Donald Trump remains the frontrunner for the 2016 Republican presidential nomination, though support for the toxic carnie has softened in the wake of his lackluster performance at the second debate on September 16th. Concurrently, two other candidates have broken through the crowded primary field; former HP CEO Carly Fiorina, boosted by her conversely strong performance at the Reagan Presidential library, is now polling in the double digits, and pediatric neurosurgeon Ben Carson, who emerged as a sort of temperate alternative to the squalling Trump, remains in second place in the most recent round of national polls.

Meanwhile, Texas Senator Ted Cruz continues to trundle along in the mid-to-high single digits. In April, according to the polling averages at Real Clear Politics, he was briefly among the top three candidates, after Jeb Bush and Scott Walker. By July, he had dropped to eighth; for the most part, though, he has hovered around fifth place. Thus far, in other words, Cruz’s campaign is going exactly to plan. When he announced his campaign, in March, it was clear that he expected the fight for the nomination to be a war of attrition. In June, he told radio host Hugh Hewitt that his campaign was prepared for the possibility of a brokered convention. In August, reports surfaced that he had gone so far as to send a consultant to Guam, to begin working on the tiny island’s nine delegates. So far, so smart.

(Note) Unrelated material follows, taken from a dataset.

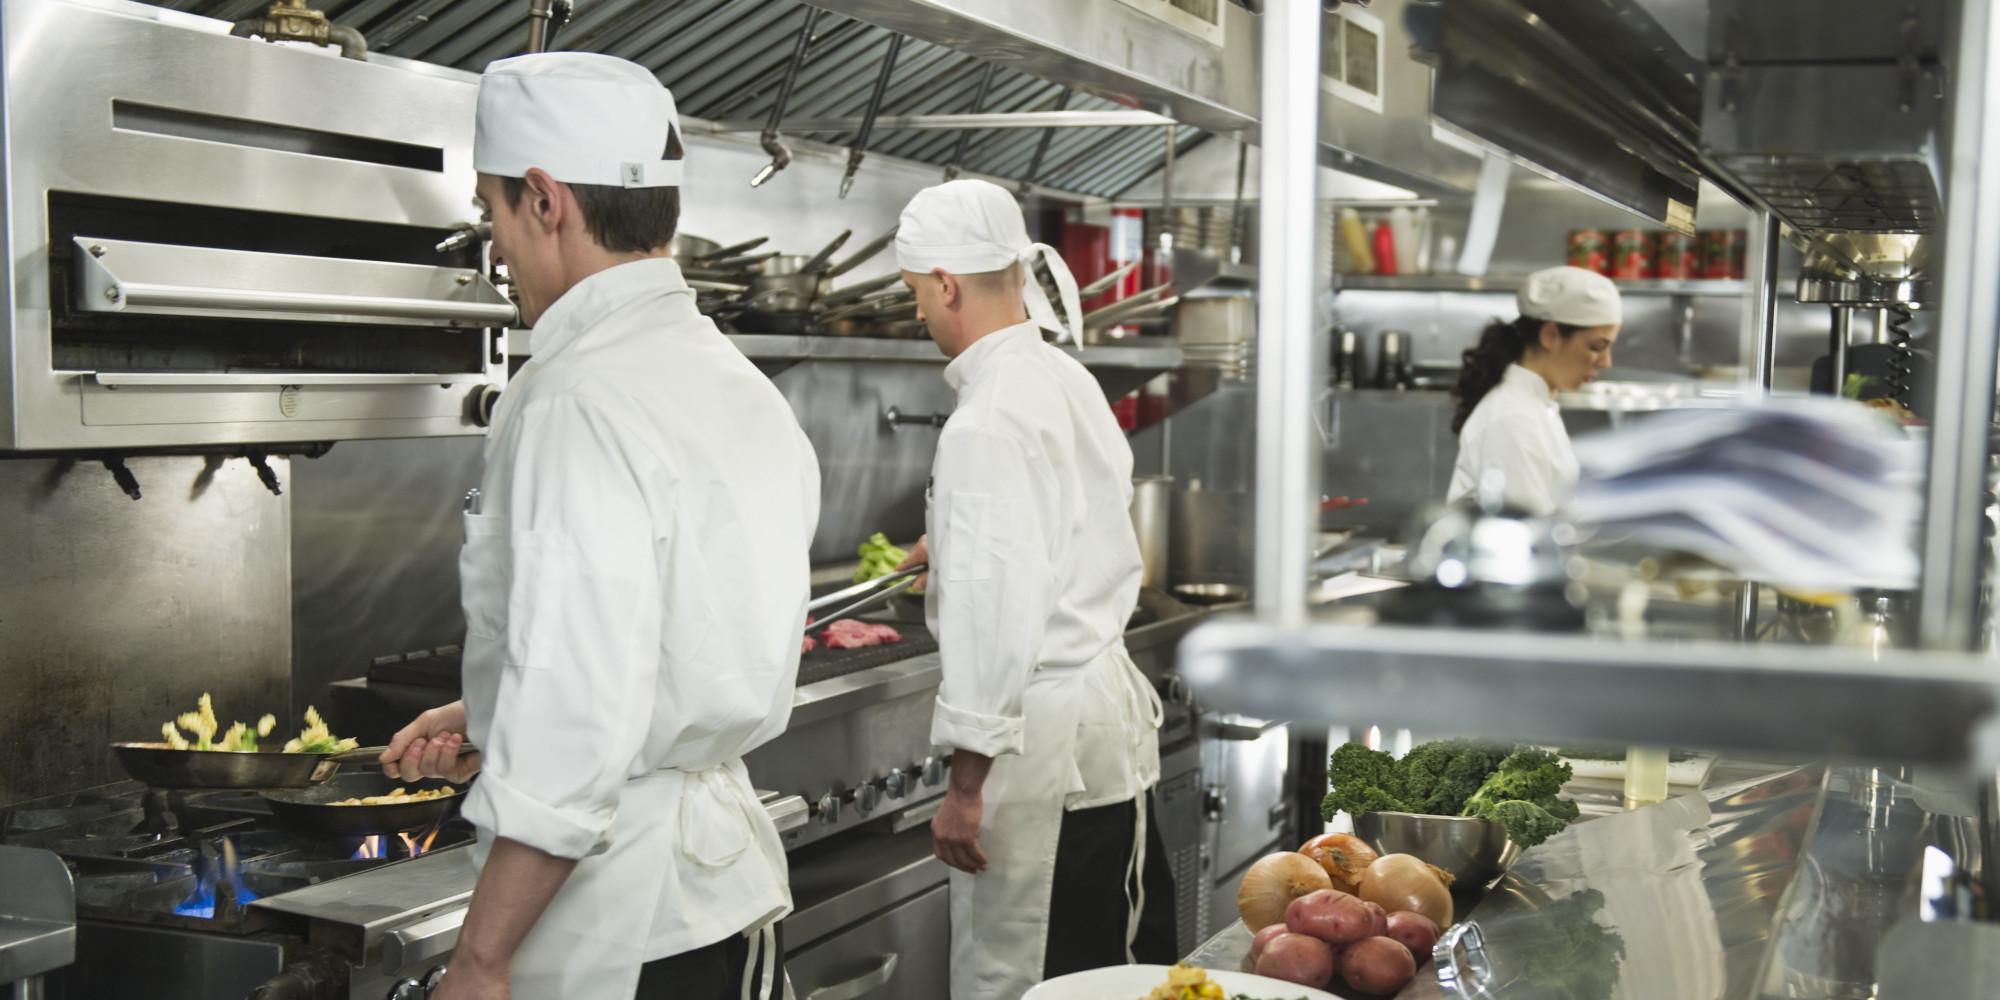 kitchen chief cart with butcher block top chef shortage in restaurant kitchens service first

But in the past few weeks there have been signs that he is strategically shifting, or even retooling, in response to the apparent durability of the Trump candidacy. Burgess Everett and Katie Glueck, at Politico, report that Cruz sees the looming Congressional fight over funding for Planned Parenthood as his chance to break through:

“Every election we see campaign conservatives who talk a good game on the campaign trail, and yet haven’t walked the walk,” Cruz told POLITICO in an interview last week. “The clearest distinction is that, of the Republican candidates running, I am the only consistent conservative who on issue after issue after issue has been the same yesterday, today, tomorrow.”

This is plausible. In the aftermath of the debate, Cruz’s campaign sent out a volley of press releases with similar subject lines: “Ted Cruz Has Been Leading the Fight to Stop the Nuclear Iran Deal,” “…to Secure the Border,” “…Against Judicial Activism”, “…to Restore the Constitution and End Obama’s Overreach,” “…to Protect the Unborn and Defund Planned Parenthood.” Without even reading the releases, you can discern the intended message: Cruz has already been leading all these fights that conservatives are clamoring for, and that competitors are vowing to wage.

It’s a tricky message, in a cycle in which the three most popular Republican candidates are the three with no experience whatsoever in elective office, and the first two candidates to drop out—Rick Perry and Scott Walker—had led various conservative fights for years, in their capacity as governors of Texas and Wisconsin respectively. And on the merits it should be especially tricky for Cruz to go on the offense against Trump, who is the obvious referent of the “campaign conservatives” euphemism quoted above. No candidate has been cozier with Trump than Cruz. In “leading the fight” against the Iran deal, for example, Cruz’s credentials include inviting the frontrunner to join him at the rally he organized in August. I continue to think that you could lose a lot of money betting against Cruz’s long game. But there’s walking a tightrope, and then there’s Cirque du Soleil.